I have just started researching advice to help my husband find a positive way to connecting and having a reasonable relationship with his two children 13 yrs and 10 yrs. He left the UK family home when they were 7yrs and 4yrs and has tried to be a dad to them on a part time basis. He was seeing them every other weekend but then we married and he moved to Australia from Britain. He hoped that he could keep his relationship healthy through Skype and telephone and visits maybe twice a year. It has not been a good 18 months. Their mother has symptoms similar to those of Borderline Personality Disorder and this is very much a part of the problem.
She is very manipulative and can fill their heads with all sorts depending on what her agenda is. This summer my husband visited the UK and had a family holiday booked to take the children away but she manipulated the situation to the point where initially they were happy to go away with their dad but ended up saying they didn't want to go and we had to cancel their trip.

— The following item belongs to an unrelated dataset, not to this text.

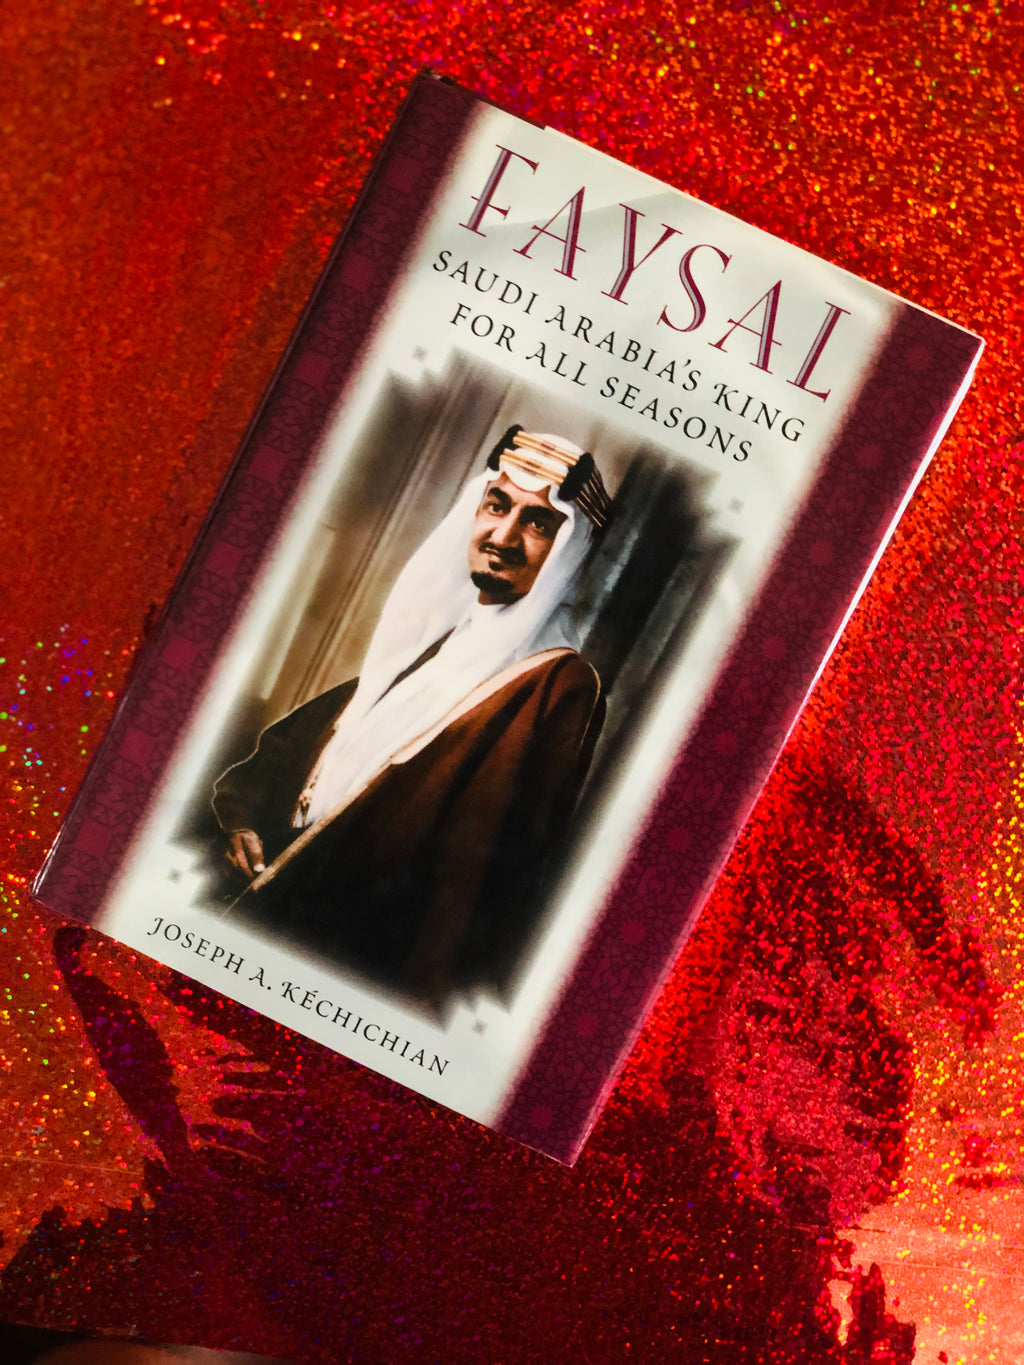 Faysal, Saudi Arabia's King For All Seasons- By Joseph A. Kechichan

Things seem to be getting worse and their mother is not consistent in her attitude about their dad. Sometimes she'll act like his best buddy and the next is a victim accusing him of all manner of irrational things. She involves the children in all her negative thoughts and decisions. She has no reasoning ability. He is desperate to stay involved in their lives but at this point in time the 13 yr old Tom went through a stage recently refusing to speak to him over something that appeared on the surface to be very minor and had been acknowledged. This is hurtful and worrying and with the limited communication no resolution in sight. 10 year old Millie blows hot and cold with him and the explanations vary from mum depending on the mood of the day yet when he visits, Millie is relaxed and happy with him and Tom is happy to be with him. Their dad is planning on returning to UK very soon as a result of the worsening situation and we have put our marriage on hold for the time being it may well be years.
He has very little say or influence and his ex wife has let the children know on countless occasions that they don't have to do anything they don't want to do regarding their dad.